Yeni Üyelik
8.
Bölüm

8. Bölüm

@helinaksy0

8.BÖLÜM:KENDİNİ KORUMALISIN

yere oturmuş sadece ağlıyordum. göz yaşlarımı sildim ve ayağa kalkıp lavobanın aynasında kendime baktım. ağladın mı? kalkacaksın ayağa "ben asla yıkılmam!" diyeceksin! yıkıldın mı? tekrar kalkacaksın ayağa tekrar kendi ayakların üzerinde duracaksın. unutma bu hayatta tek kendine güveneceksin.

kısa bir süre daha aynada kendime baktığımda kapı birden açıldı! gelen irem ve idildi! "sıla!" dedi irem. idilde seslendi arkadan "sıla iyimisin?" gülümsemeye çalıştım çünkü neydi 1. kural:kendi ayakların üzerinde duracaksın! "iyim." dedim. idil kolumu sıvazlayarak "eminmisin?" dedi. hayır emin değildim. "eminim" dedim. irem lavobanın içinde dör dönüyordu sonra öfkeyle bana döndü "ecrindideğilmi kızın ismi!?" dedi. napacaktı? söylemelimiydim? "evet" dediğim anda irem öfkeyle lavobodan çıktı.

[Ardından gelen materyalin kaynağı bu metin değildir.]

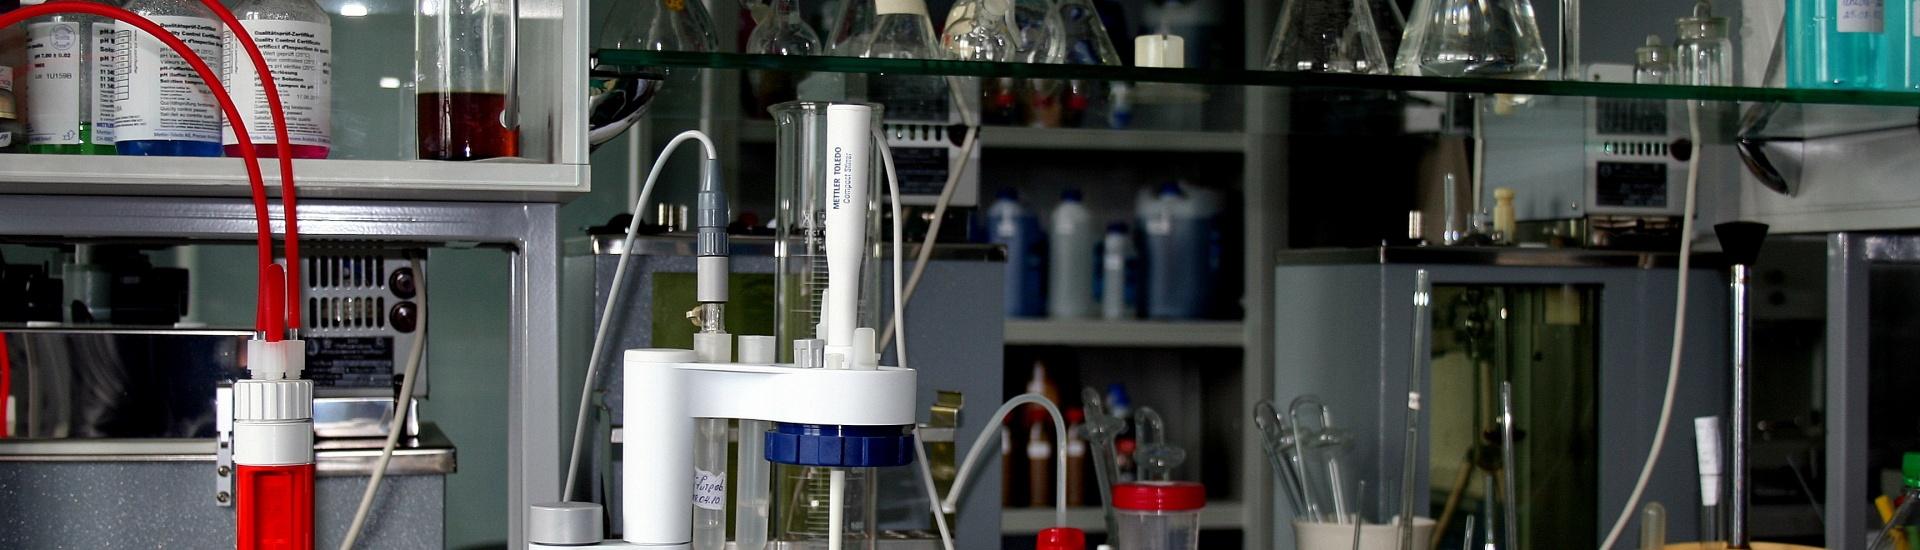 Sava laboratorija

idille iremin arkasından hızla çıktık. "irem dur!" diye bağırıyordum. durmuyordu! dur artık! dur! onlarında başı belaya girecekti! hemde benim yüzümden! "irem dur" diye bağırdı idil. kısa süre sonra ecrini bulduk. irem öfkeyle ecrine doğru yürüdü "senmisin benim arkadaşımı lavobada kilitleyen?" dedi. "evet oydu! onun o kızılımsı kumral saçlarını yol!" diyordu iç sesim.

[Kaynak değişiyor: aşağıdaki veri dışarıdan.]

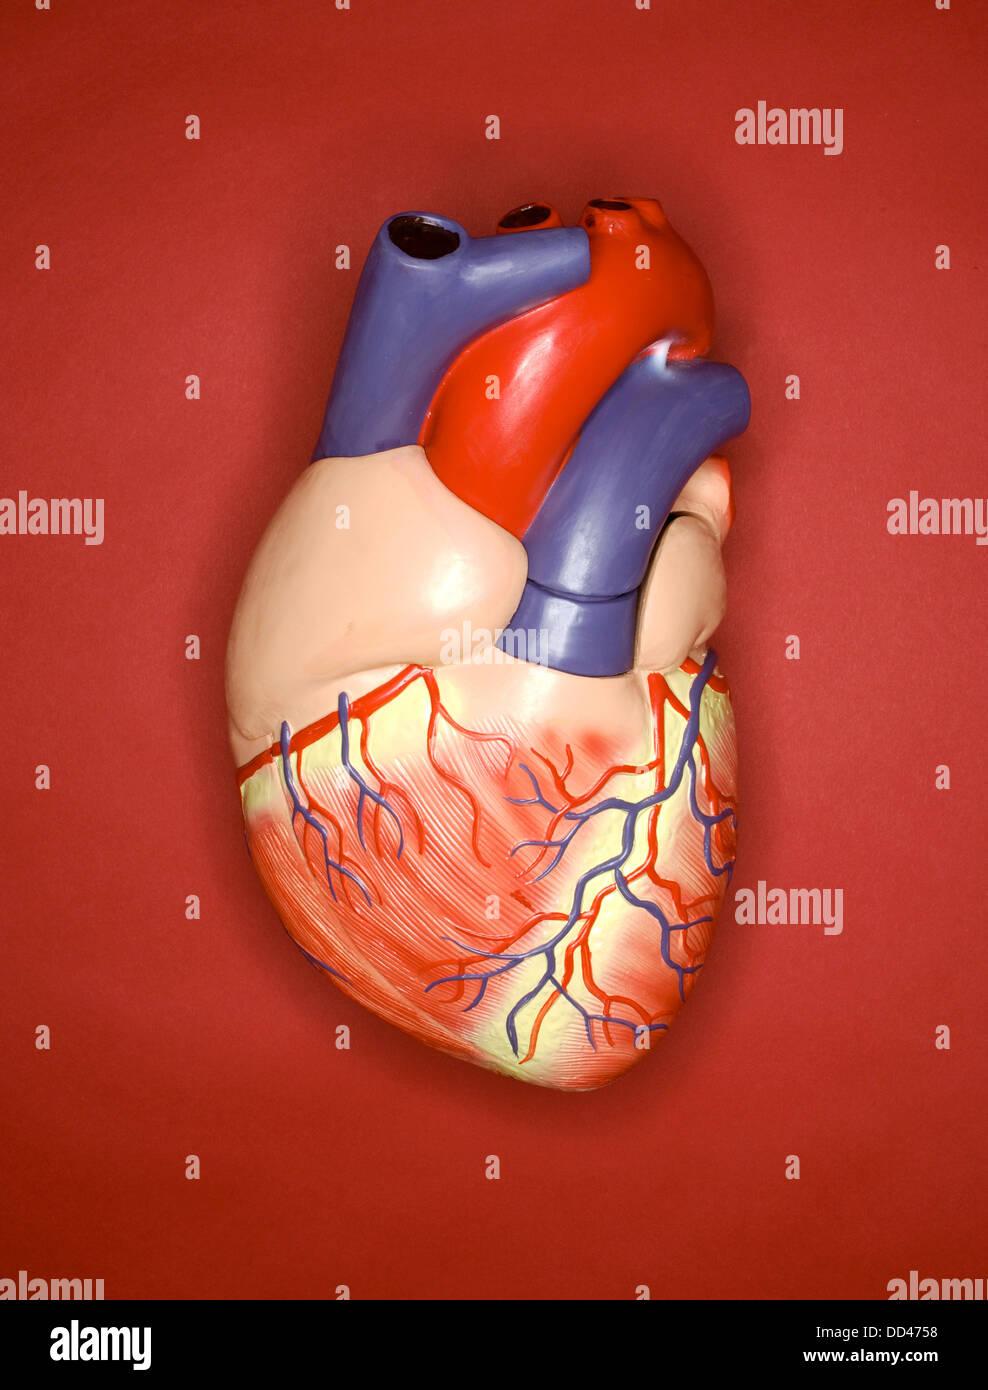 Un modello di plastica del cuore umano su uno sfondo rosso Immagini Stock

İrem tam ecrine dalacakken müdür geldi "kızlar noluyo burada?" Dedi. Ecrin birden müdüre baktı ve konuşmaya başladı "Ah! Mehmet amca!" Dedi. Mehmet amcamı? Amca? Mehmet amca! Bu adam ecrinin amcasımıydı yoksa hayır! Hayır bu olamaz değil mi? Bu adam Yiğitin babası olamaz değil mi? Şaka olmalı! Şaka!

soluğu disiplinde yedik tabiki. Ve ecrin değilde biz disiplinlik olduk! Tabi yiğitin sevgilisi olduğu için onu tabikii disiplinlik yapmazlar. Ah adaletsiz hayat!

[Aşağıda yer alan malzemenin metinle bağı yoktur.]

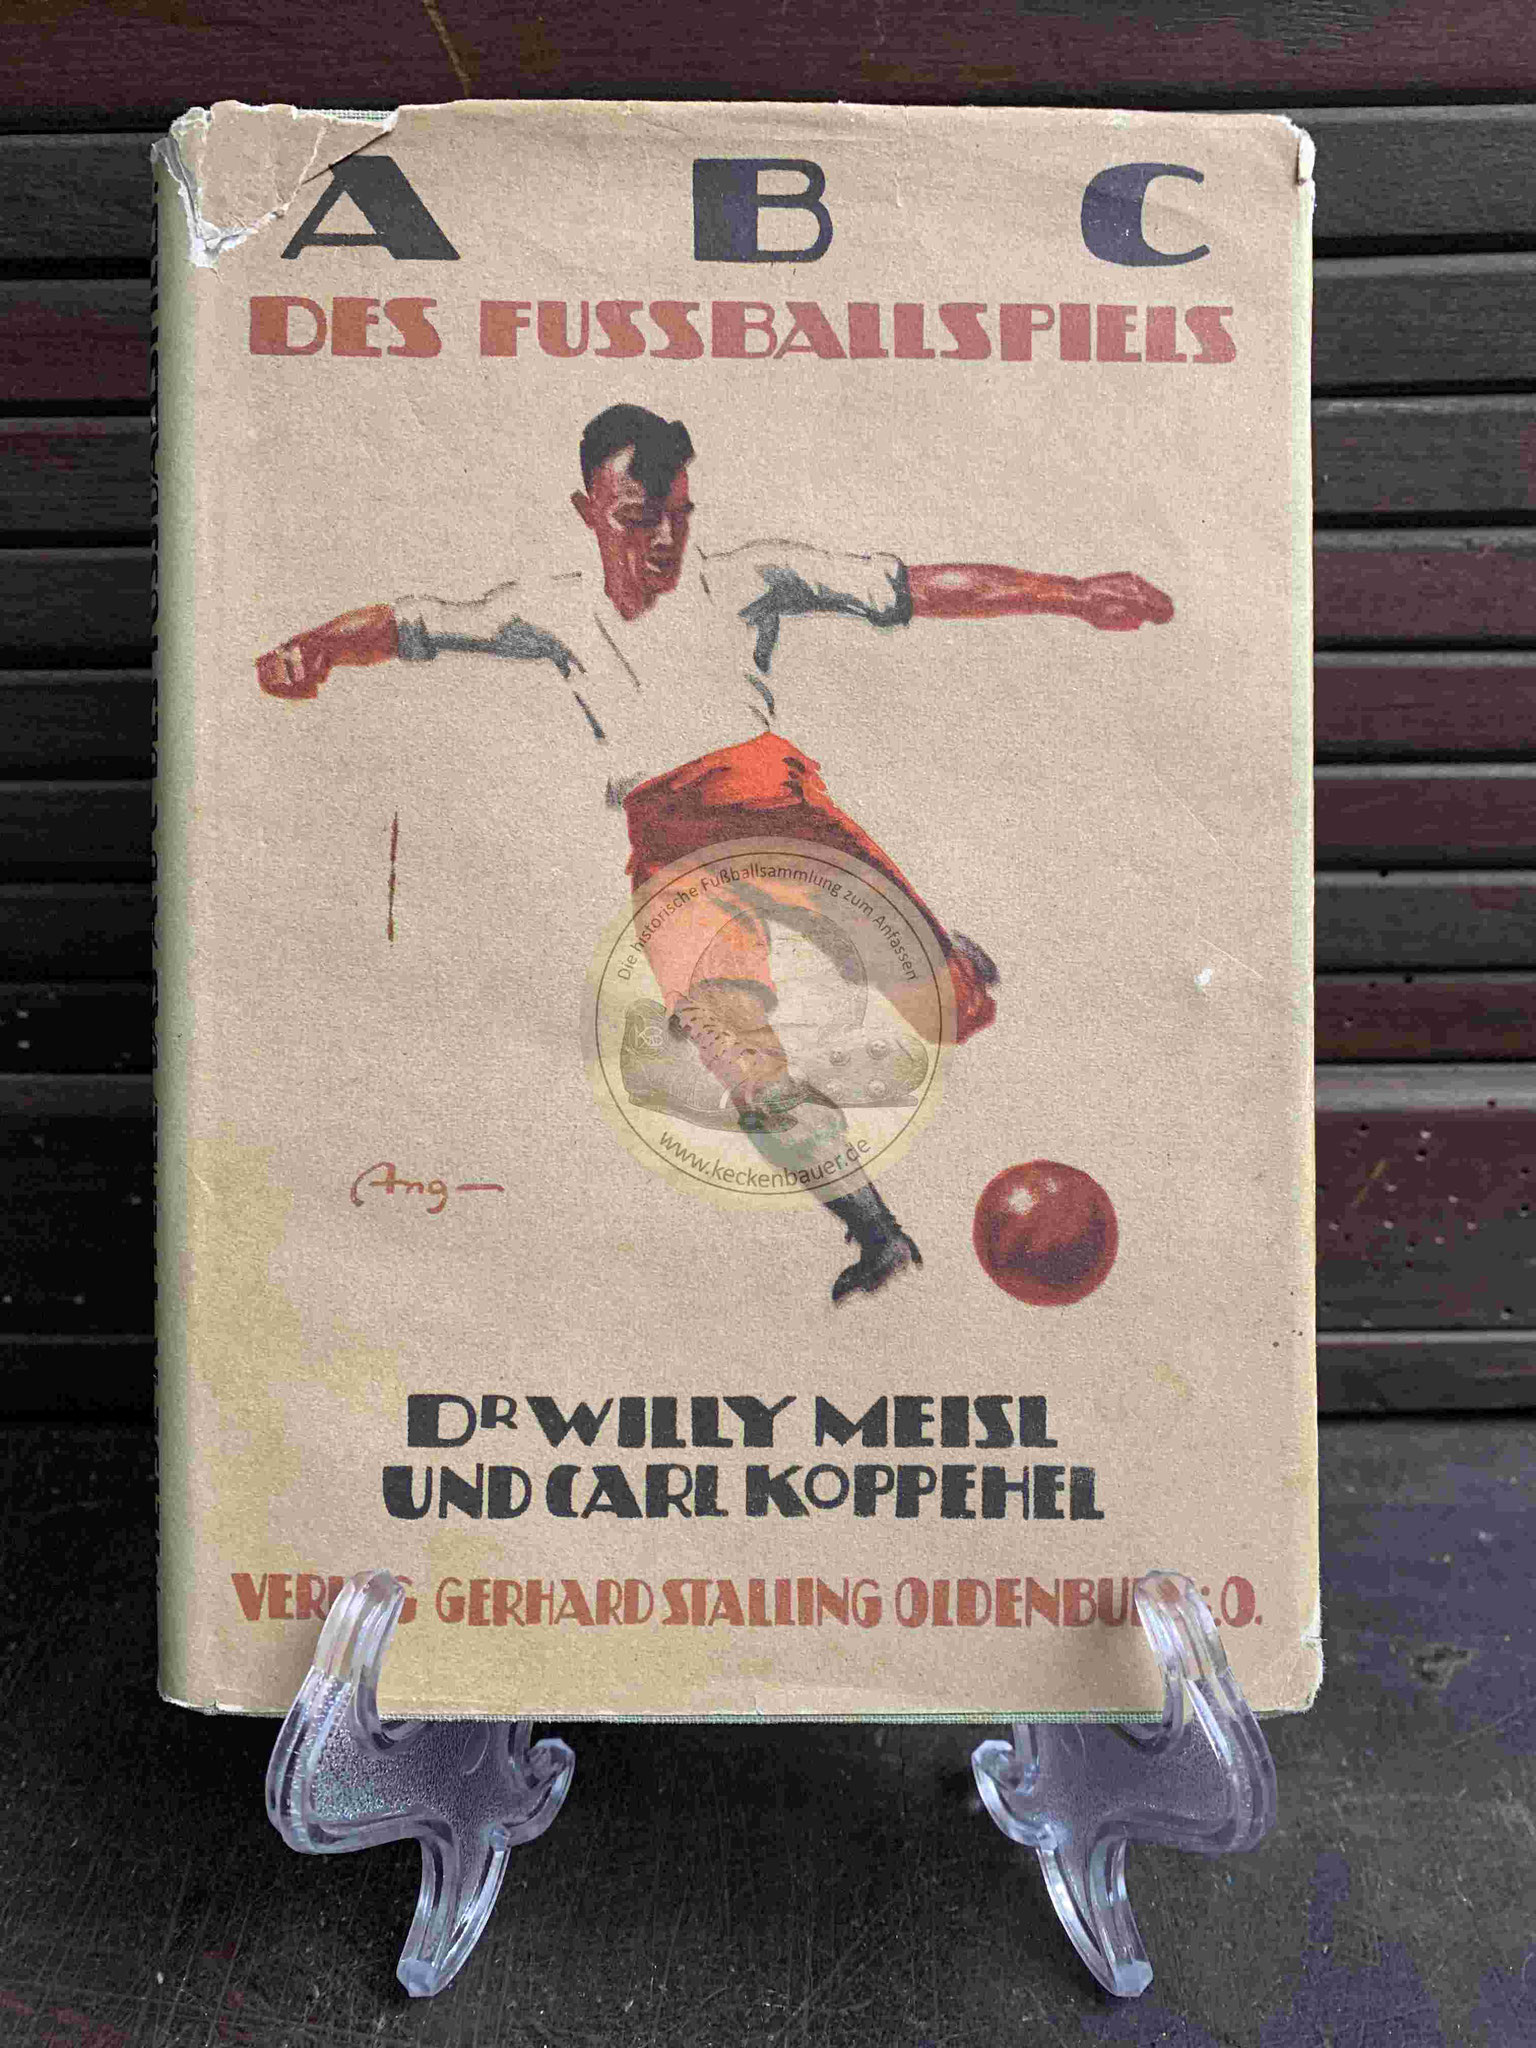 ABC des Fussballspiels von Dr. Willy Meisl und Carl Koppehel im Verlag Gerhard Stalling Oldenburg aus dem Jahr 1925

okulun müdürü aynı zamanda okulun sahibi olan mehmet bey söze girdi "kavgayı neden başlattınız!" Diye bağırdı. İrem ben ve idil kısa bir süreliğine bakıştık. Olayı baştan sona anlattık.

Olayı anlattığımızda müdür bizi serbest bıraktı. Bizde kantine çıkmış bir masada oturuyorduk. İdil söze girdi "of üzmeyin kendinizi oldu bitti işte!" Dedi. Asla üzülmüyordum. "Ne üzülcem ya! Sadece öfkeliyim!" Dedi irem. Bende tam söze girecekken masaya yiğit oturdu! Evet şaka yapmıyorum! Masaya yiğit oturdu!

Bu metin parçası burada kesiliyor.